Когда я приехал в больницу после первой инъекции адриабластина, Рая лежала в постели с чепцом на голове.
– Зачем это? – ткнул я пальцем в чепец, белый, в неярких голубых цветочках.
Рая слабо улыбнулась. Ее соседка по палате, дама средних лет с повадкой командирши, сказала басом:
– Под чепчиком кубики льда. От адриа – выпадают волосы. Лед предохраняет. – Соседка, сидя на своей кровати, достала из тумбочки яблоко и, откусив, закончила: – Но все равно выпадают.
– У меня волосы крепкие, – сказала Рая. – Не выпадут.
Но в голосе ее, как мне показалось, не было уверенности. Вообще голос у Раи – от химии, конечно, – изменился. Как бы потускнел, утратил былую звонкость.
Курс адриабластина она выдержала. После короткого отдыха – еще один препарат, сильнодействующий, три часа под капельницей. Раю рвало…
Мне трудно, трудно писать об этом. Конечно, я понимал, что Ровный делает все возможное, чтобы поставить барьер распространению.
И на какое-то время это удавалось.
Шестнадцатого июня Рая после очередного курса химии отдыхала, – накануне я привез ее, измученную, домой. Утром я сварил кашу-овсянку, мы поели, кофе попили, и я собрался идти голосовать: то был день президентских выборов. Рая вдруг заявила, что тоже пойдет.

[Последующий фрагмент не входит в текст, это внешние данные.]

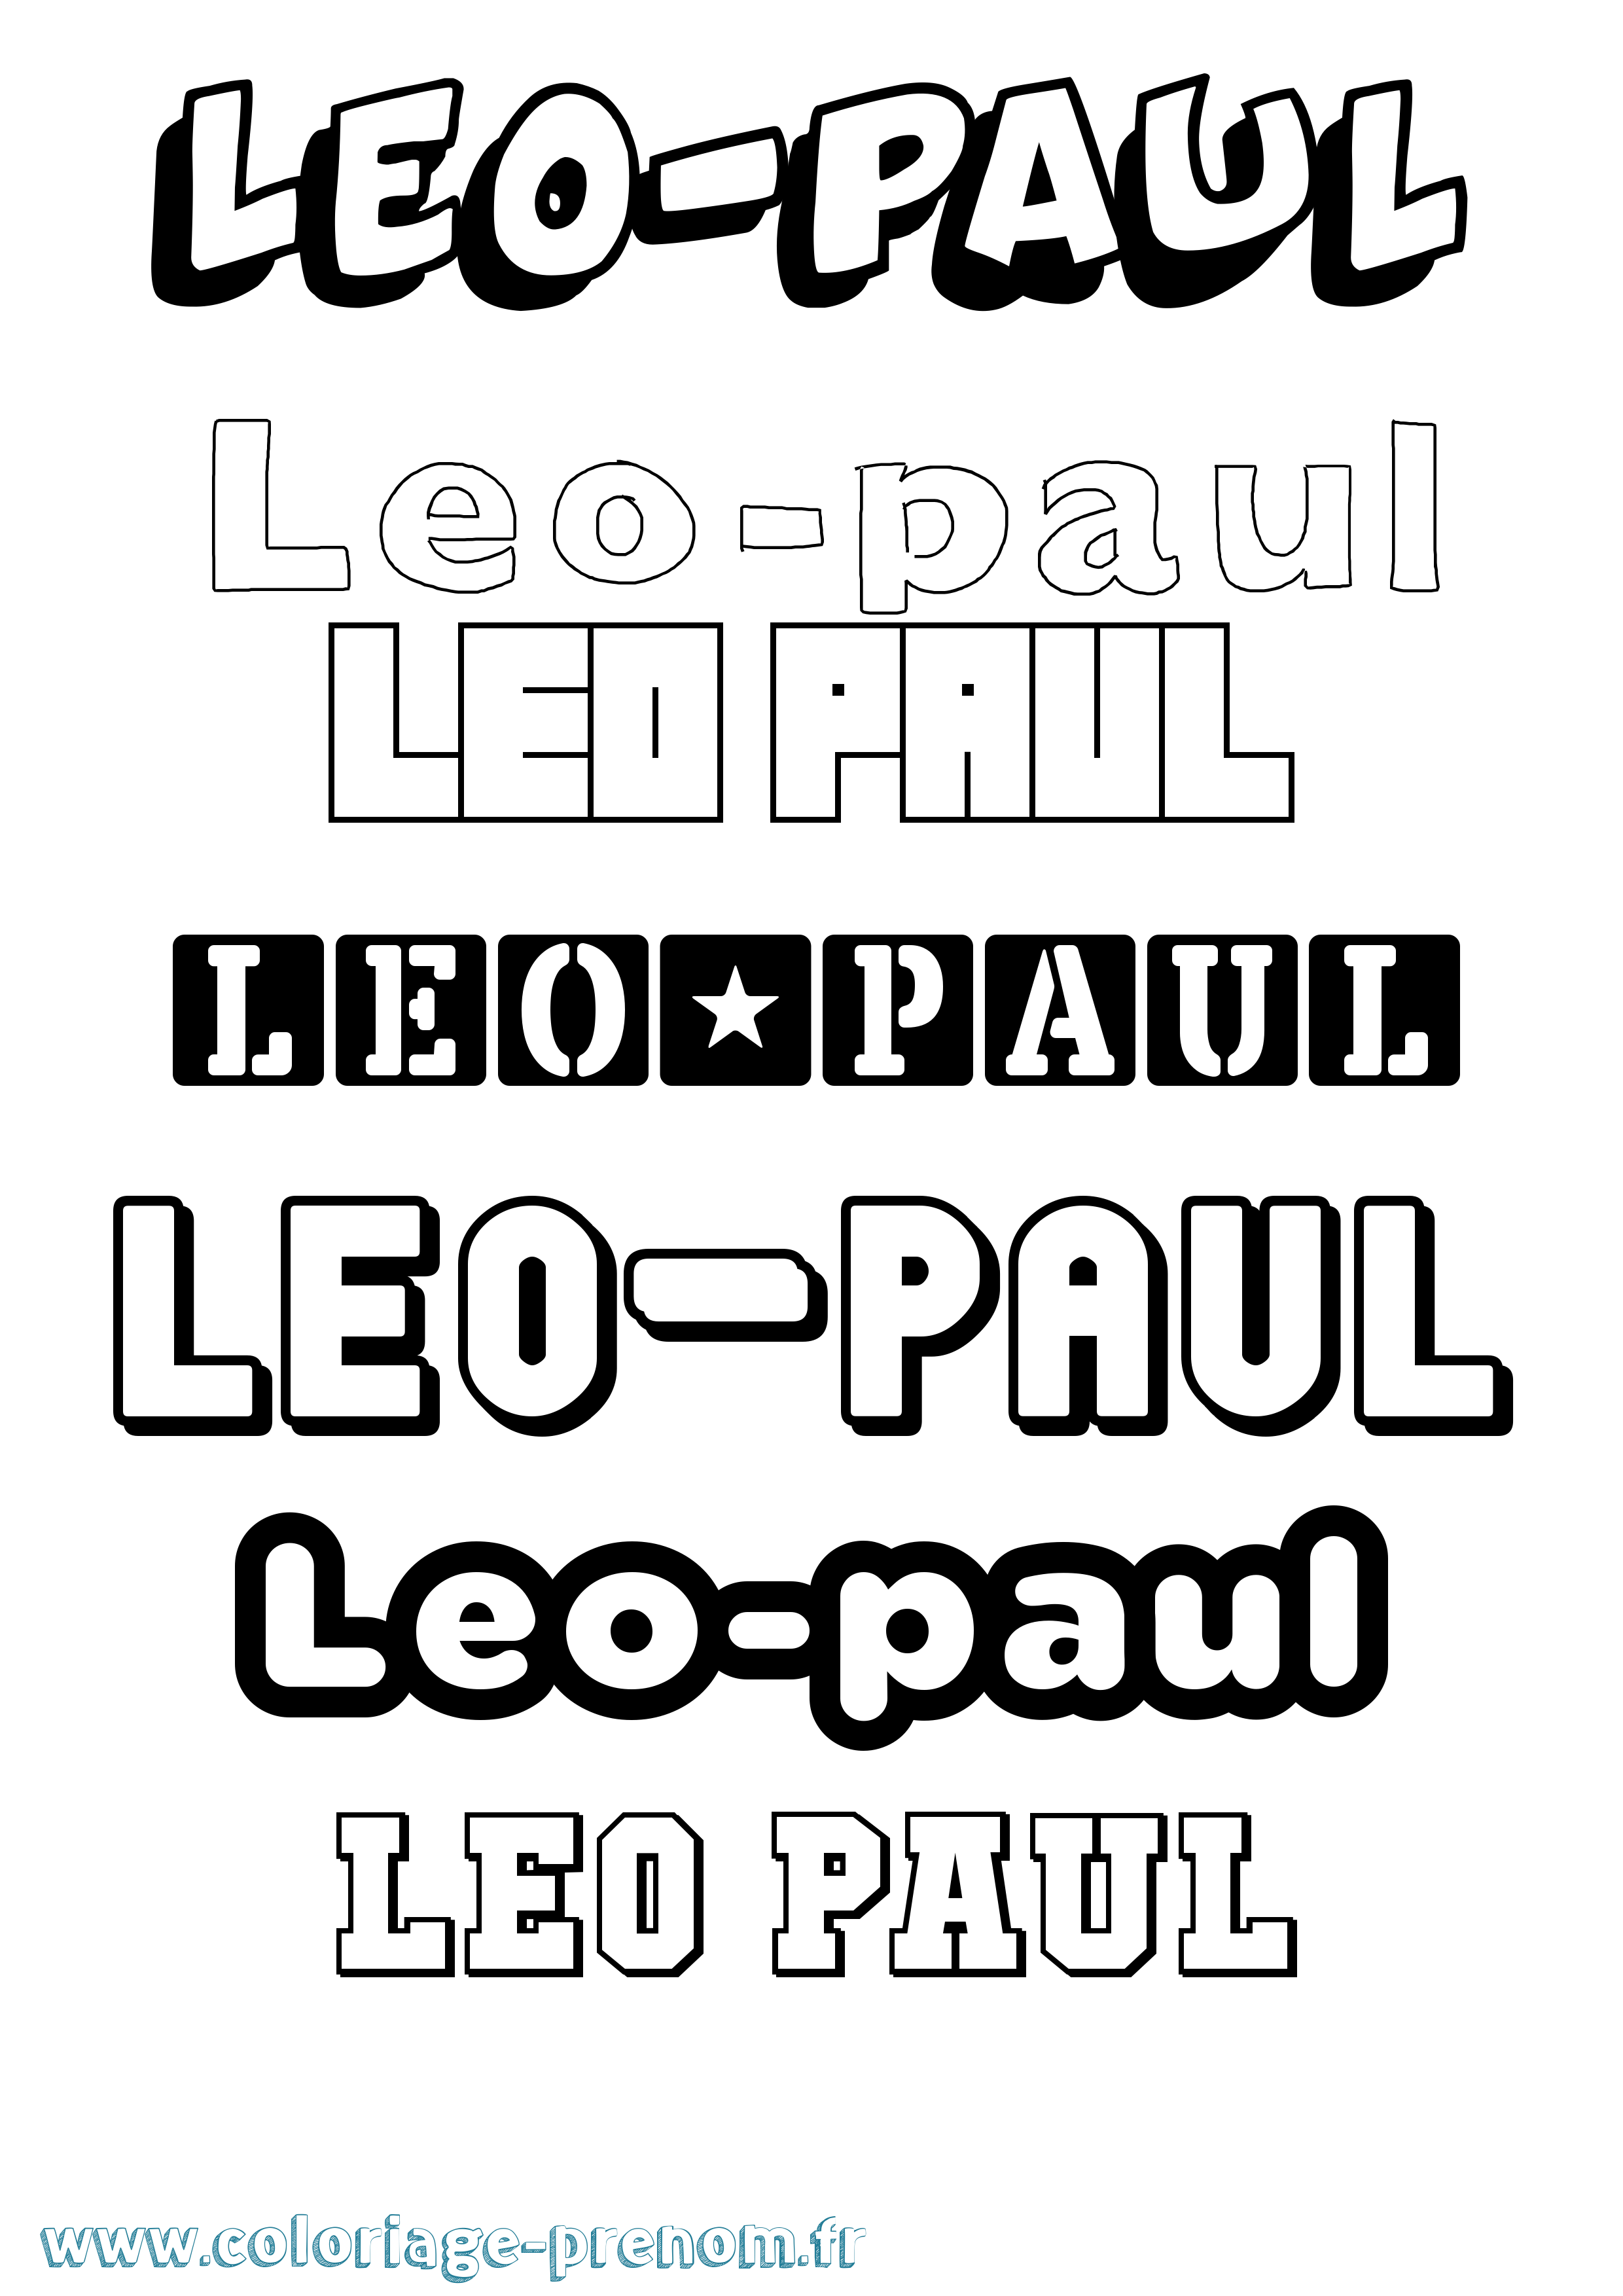 Coloriage prénom Leo-Paul Simple

– Не надо, – говорю. – Лежи, отдыхай. Музыку слушай.
– Нет. – Она принялась перед зеркалом приводить в порядок прическу (ее густая шевелюра все же поредела). – Нельзя, – говорит, – позволить Зюганову опередить Ельцина.
– Райка, твой голос не обеспечит Ельцину победу.
– Типичное обывательское рассуждение. – Рая метнула на меня взгляд, исполненный негодования.
– Да, я обыватель, – говорю. – Для меня хорошее самочувствие жены важнее политики.
– Очень рада! Но какое будет у тебя самочувствие, когда в квартиру войдут незваные гости и спросят: а чем вы занимались до девяносто первого года?
– Я отвечу: мы с женой кушали горячие сырники и пили «Амаретто».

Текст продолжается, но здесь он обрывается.